待轎子隨四位年輕太監也進了府門後,胡大探出頭向外張望,他東瞧瞧、西望望,見外面無人,還好,沒有驚動誰,遂放心地迅速關上門,快步追趕上李留權。
“王子剛剛睡下,請李公公先在書房看茶,也去去這大雨天的濕寒。這就去把王子叫醒。”
胡大知道深夜來訪定有要事,縱使落得個殺頭的罪名,他也得違背平日裡王子不允打擾的禁令,一定得把王子璣羊給喊醒。
“沒時間喝茶了,快帶我去見殿下。”李公公一臉嚴峻。
管家胡大帶李公公去了西院,四個年輕太監則歇了轎子,被他指示著於東偏房歇息。
隨著一聲冗長的“吱呀——”聲,門被打開,可惜,打的門縫只夠一人通過。西院門內,侍從們紛紛側身而避讓。胡大就此止步。
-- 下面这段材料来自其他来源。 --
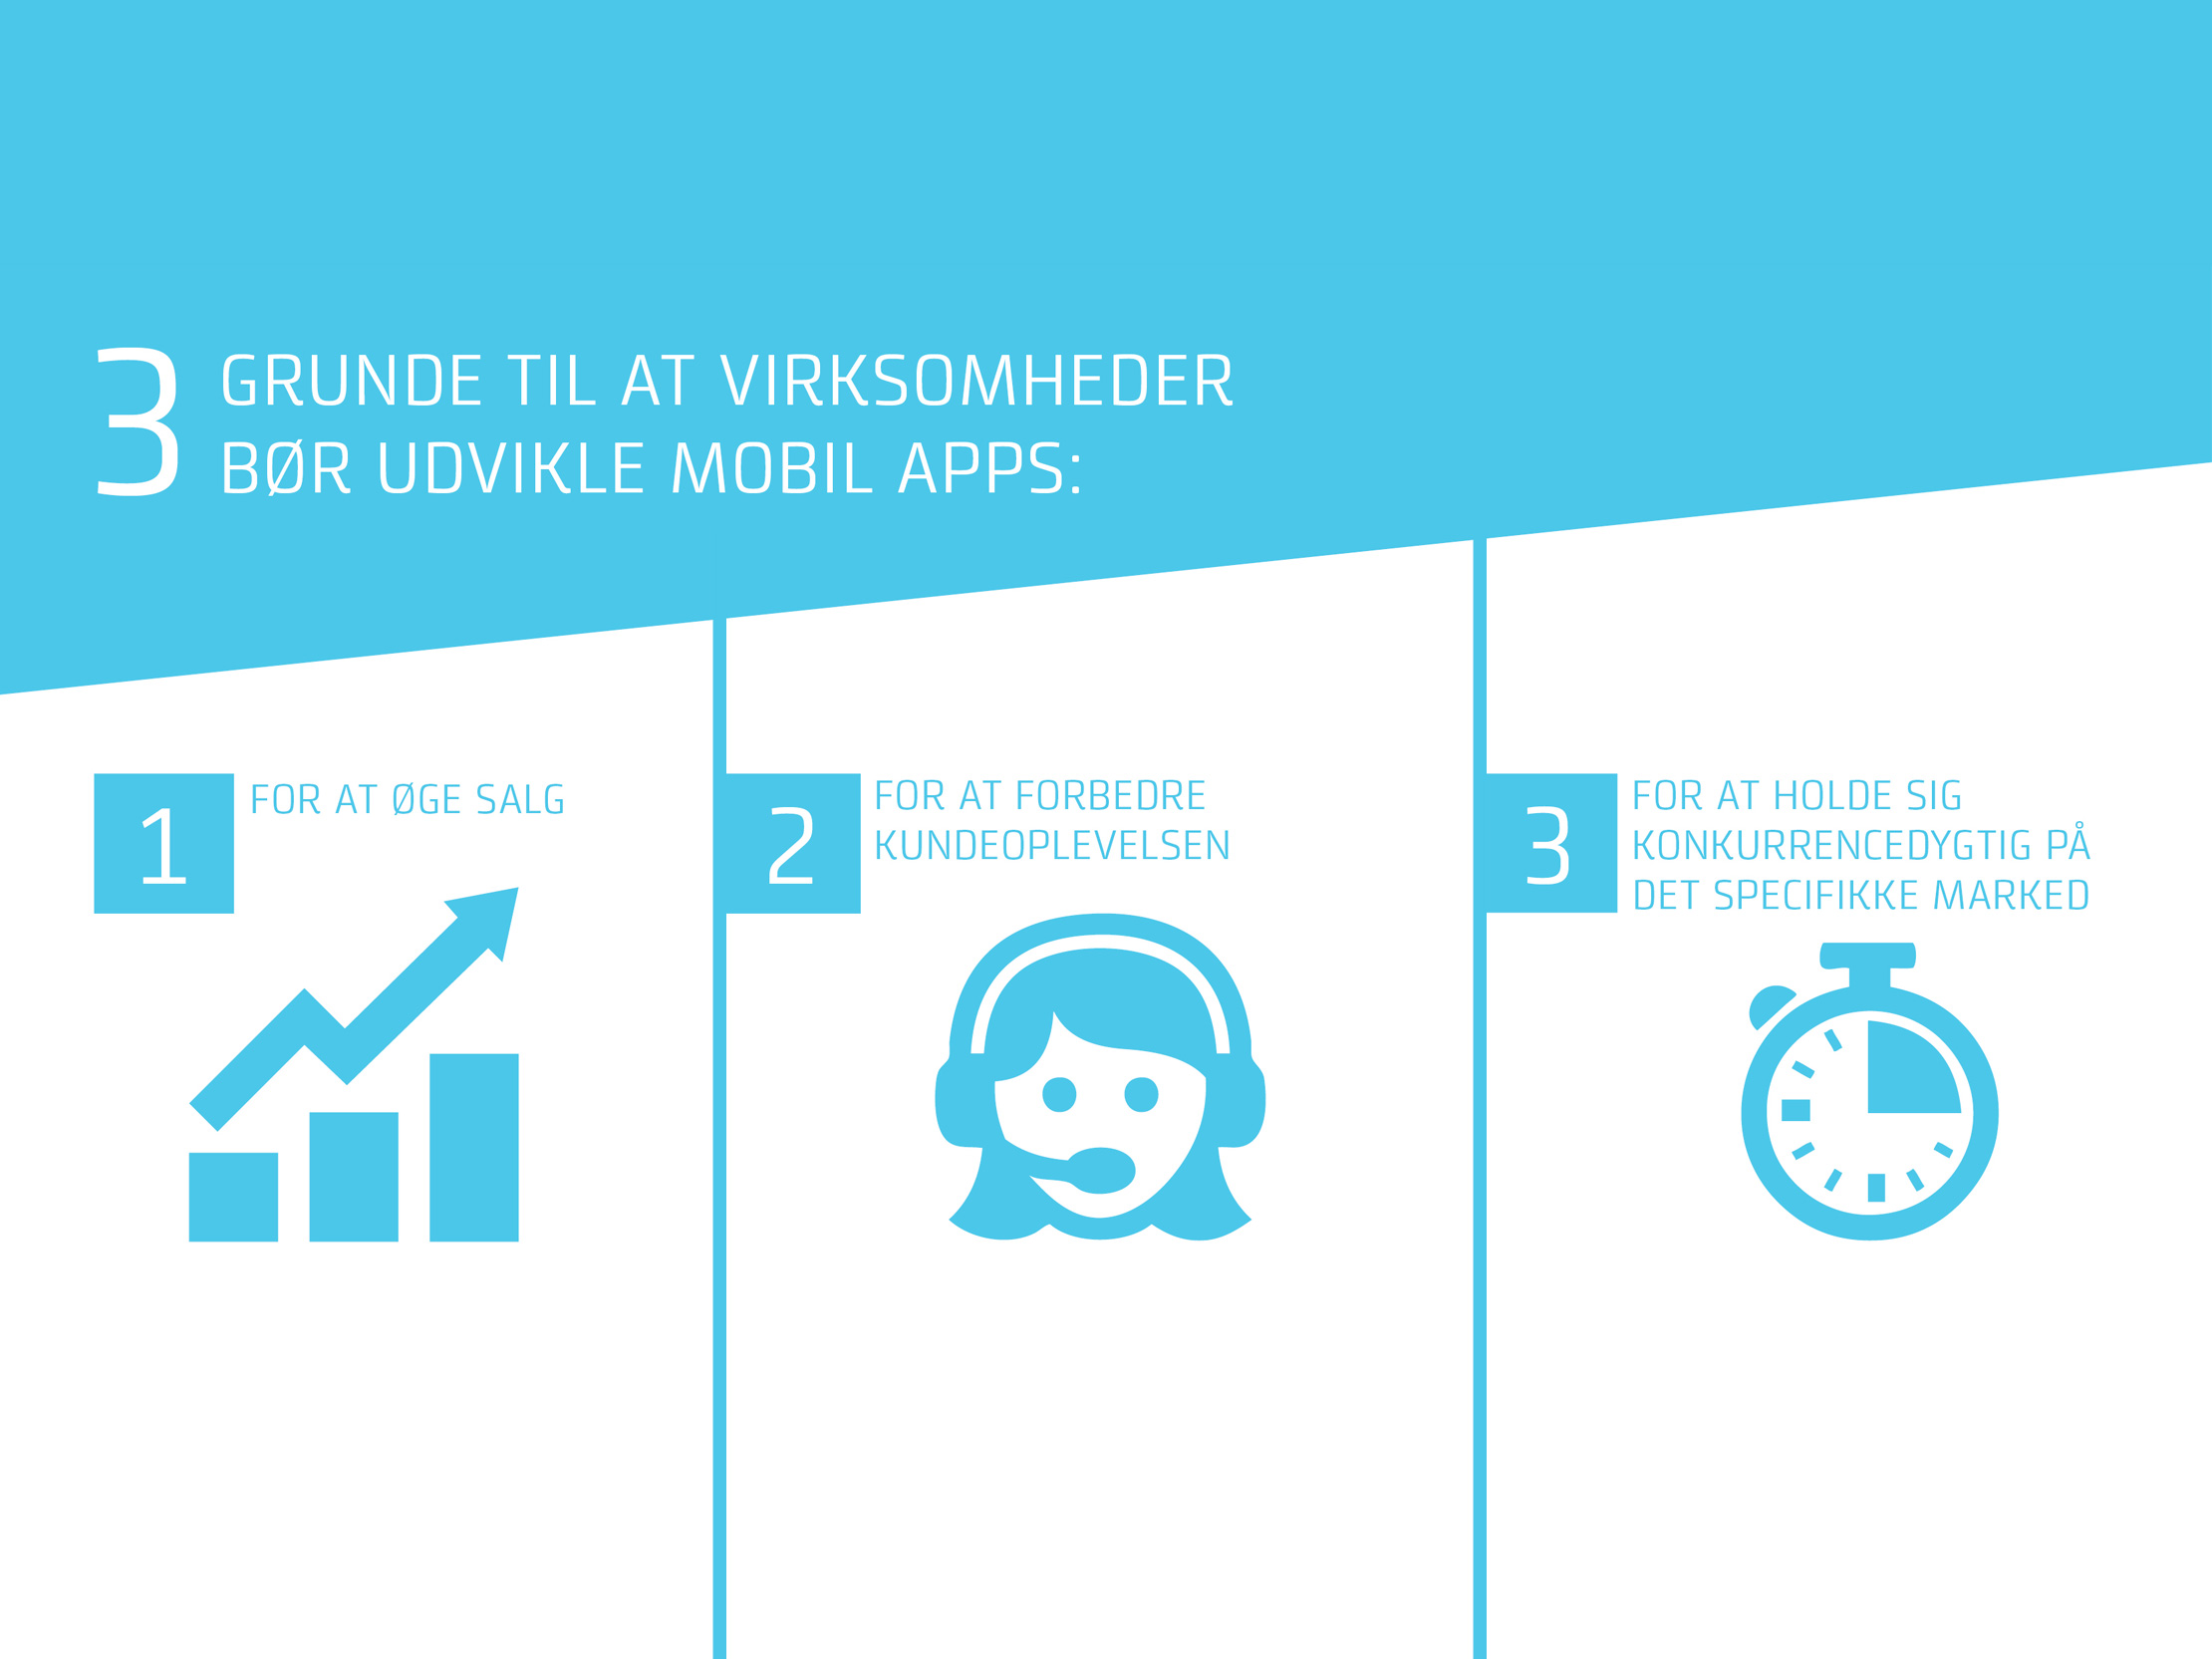 3 grunde til at virksomheder bør udvikle mobile apps

李留權前腳剛要進去,裡頭便傳來一個女官斥責語氣的詢問:“胡大,是誰呀?這麽晚啦,可有諭令?”
“……”不等王子府執事胡大回話,李留權忙躍過門檻,
三步並兩步奔了進去,說道:“可不得了了,快!快把王子給叫起來。” “李留權,你也不是個沒見過大世面的人啊?!天下屬我大周強,少年屬我璣羊強,怎麽還一驚一乍的,能出什麽大事?!哦……莫不是那老家夥駕崩了?”一手撚筆,一手提著燈籠的王子璣羊看來還沒歇息,他放下了手上扎花燈的工匠活兒,衝門口慢悠悠地道來。
李留權穩了穩氣,站在窗前,作揖答道:“小的李留權啟稟殿下,果不出您之所料,那且末二公主,也就是現如今王上卿定的質子響鈴公主,她,她騙守備們一起擲色子,結果她贏了,就徑直出去了……後經小的查實,那娘們兒現正在薦福寺……”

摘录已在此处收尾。